A permutation test computes a $p$-value by re-labeling the data under an exchangeability assumption and recomputing the statistic across all (or many) relabelings. Under Fisher’s sharp null of no effect the FRT is numerically identical to the permutation test — but the FRT is justified by the randomization of the design rather than by exchangeability of outcomes, so it covers a broader class of nulls and designs. Permutation/randomization tests deliver exact finite-sample $p$-values under the sharp null and only asymptotic validity under weak nulls (where studentization is required).
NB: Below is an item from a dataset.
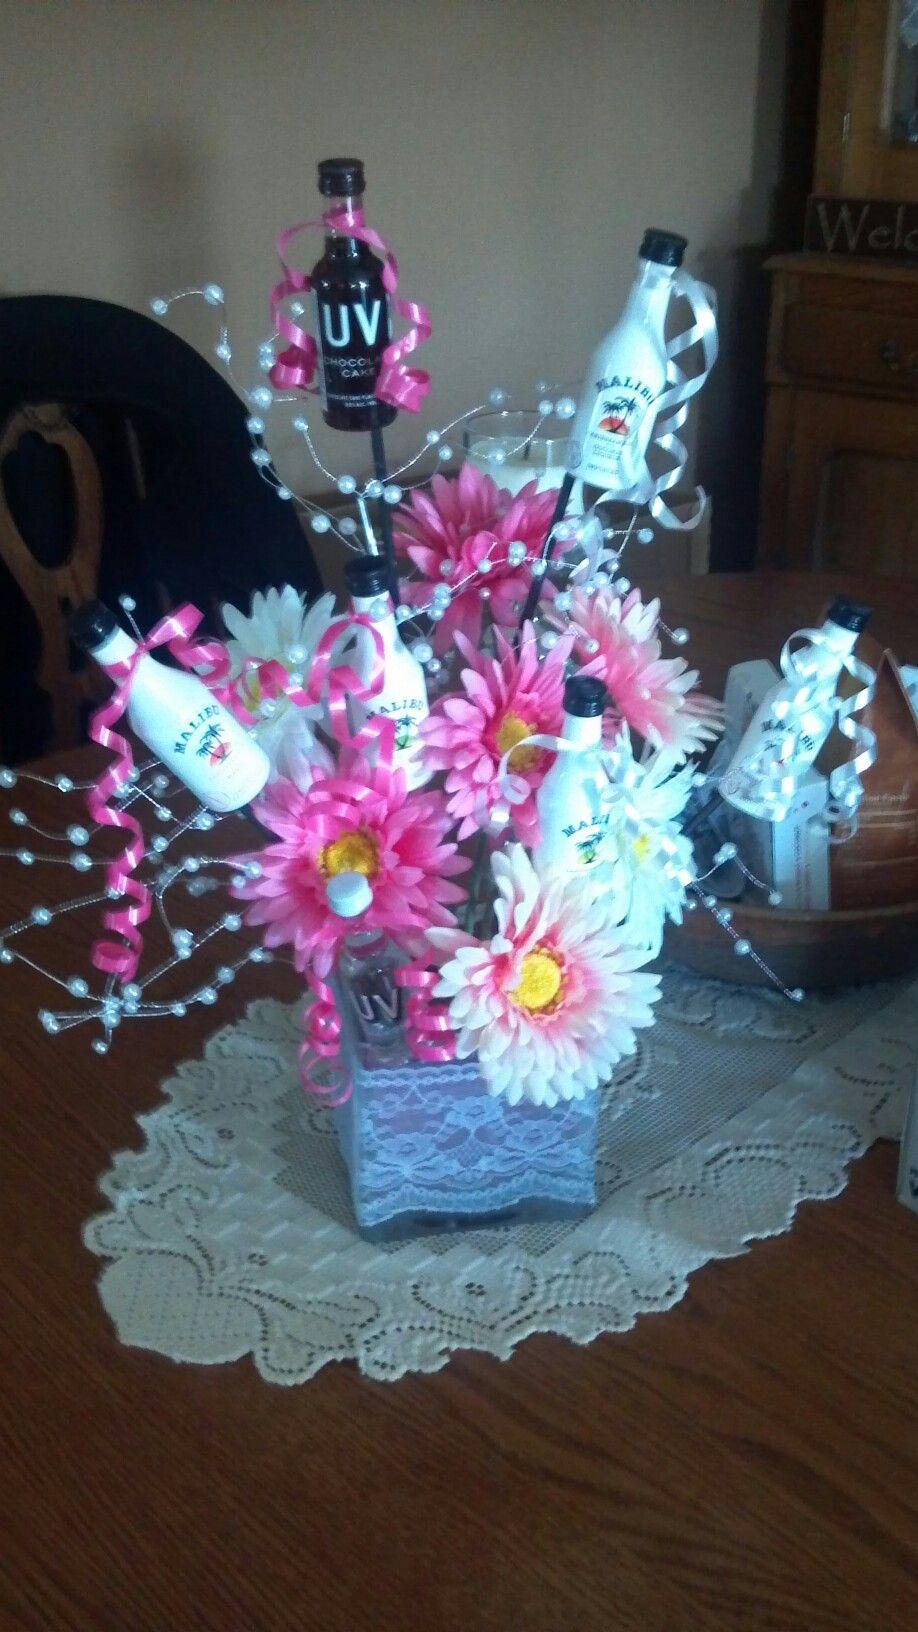 21st birthday gift for a super girly girl !!!!!!!!! 21st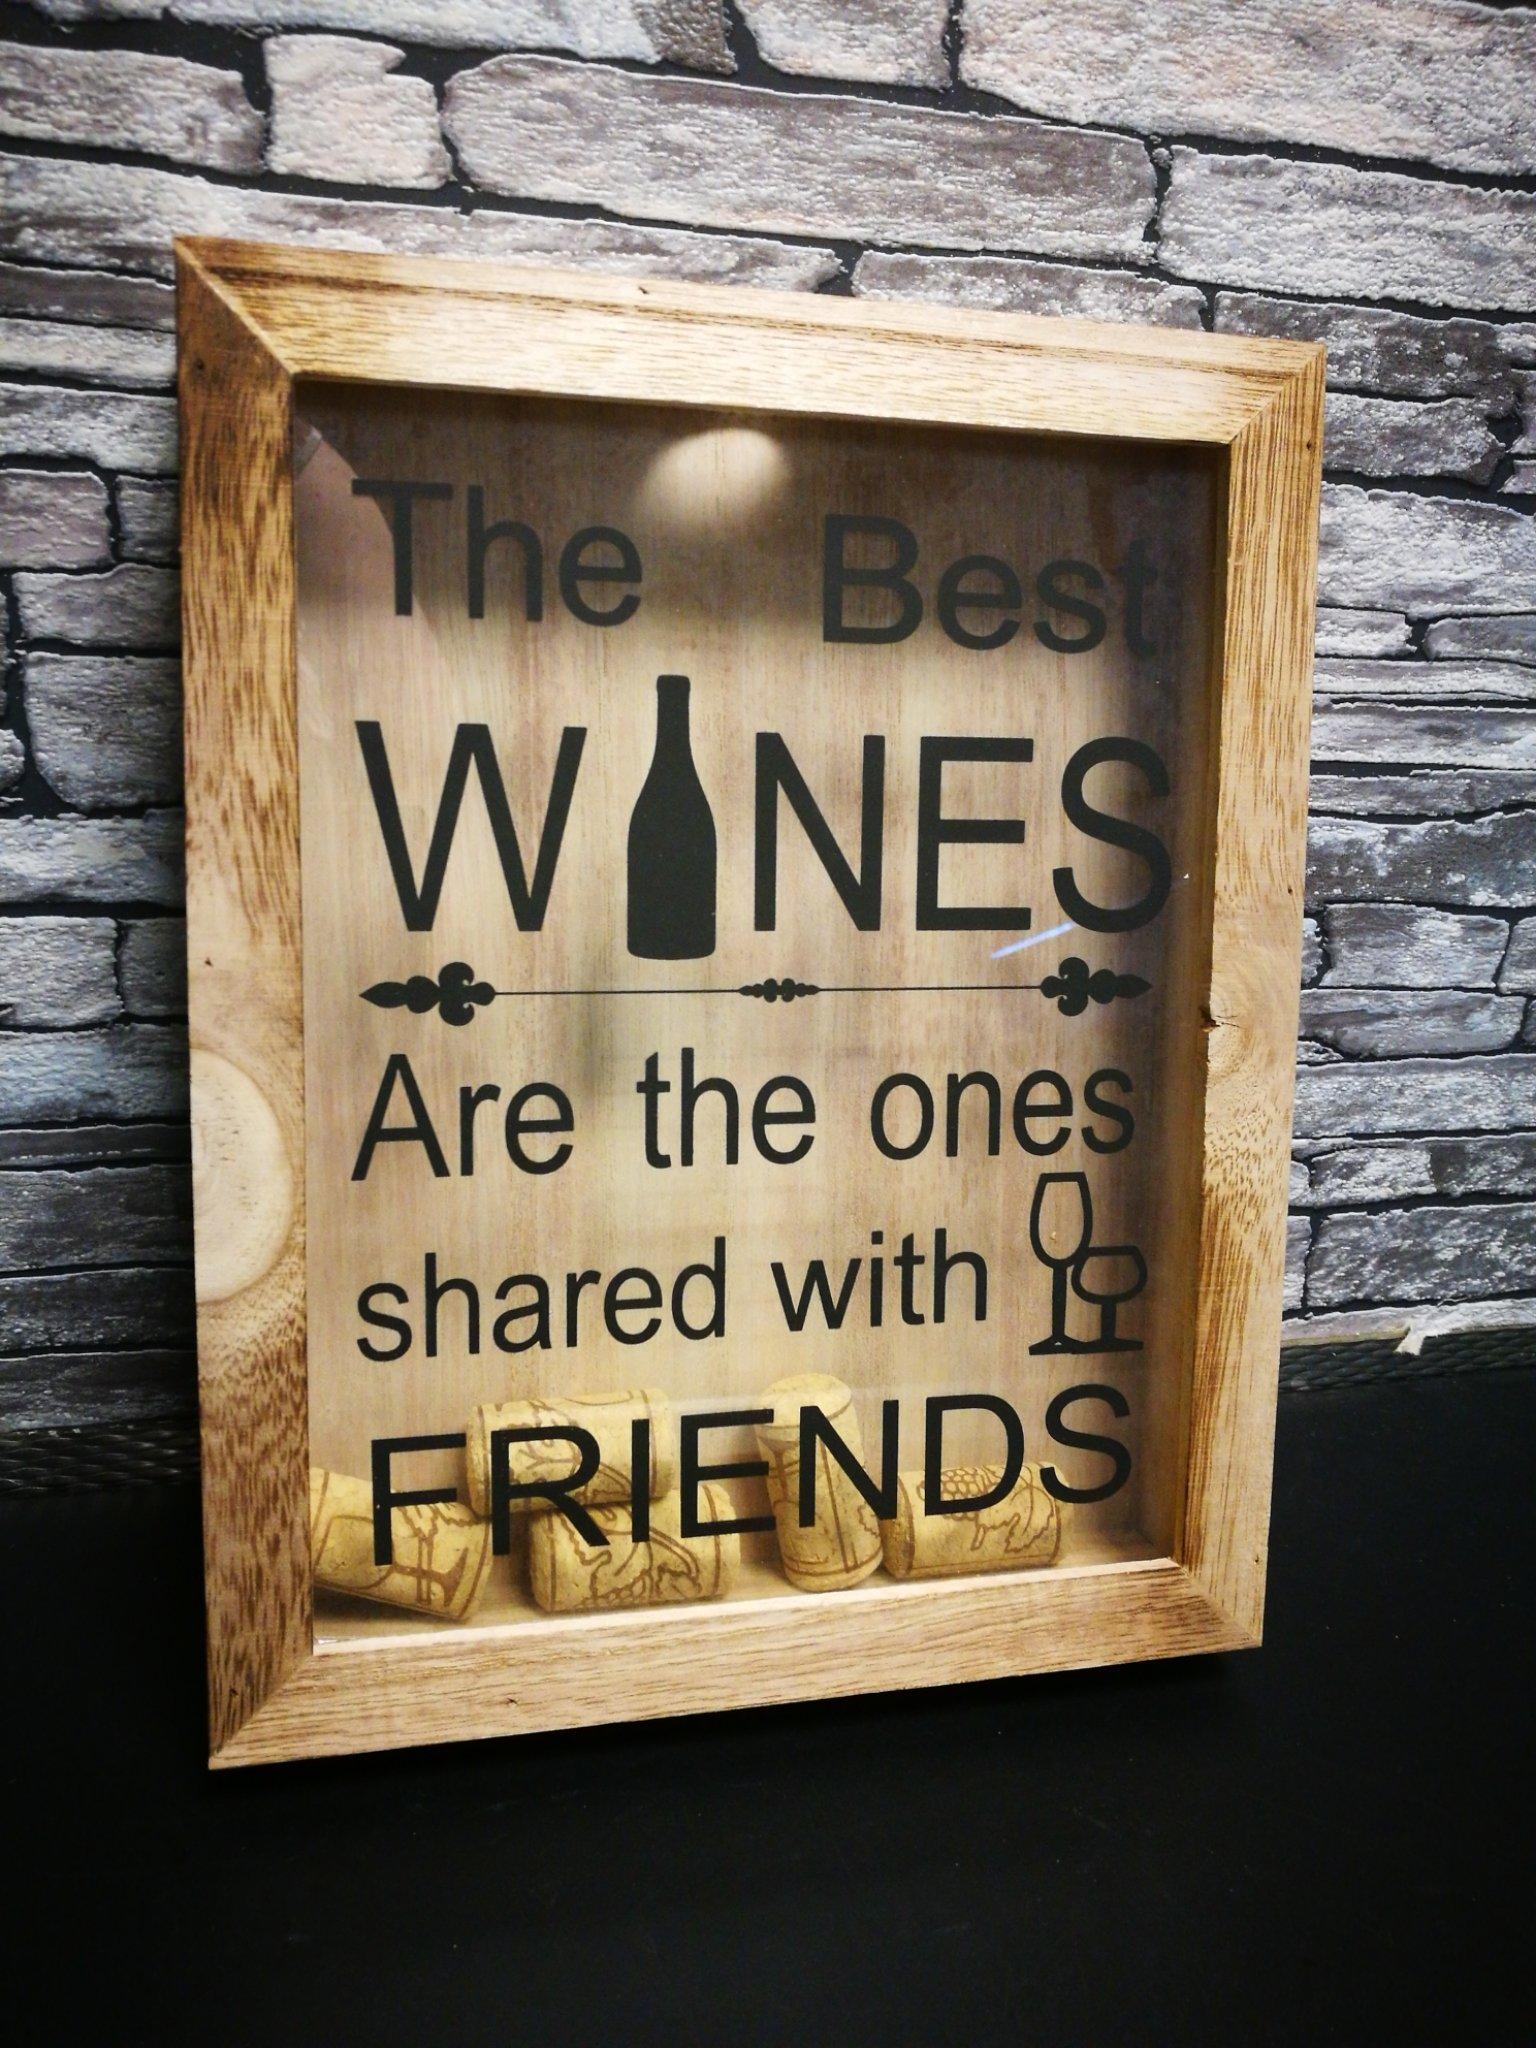 Wijnkurken kastje Friends 01125

The bootstrap is the other resampling route to weak-null inference; relative to it, the FRT’s edge is finite-sample exactness under the sharp null.

Overview

The permutation test (Pitman 1937; Hoeffding 1952; Romano 1990) reasons: if the group labels are exchangeable under the null, the observed statistic should look typical among all label permutations. Concretely, fix the outcomes, enumerate label permutations $\pi \in {\Pi }_N$, recompute $T_{\pi }$, and report the right-tail fraction $p=(N!{)}^{-1}{\sum }_{\pi }1(T_{\pi }\ge T)$. When $N!$ is huge, draw i.i.d. $\pi \sim \text{Unif}({\Pi }_N)$ (Monte Carlo permutation test) — still valid up to Monte Carlo error.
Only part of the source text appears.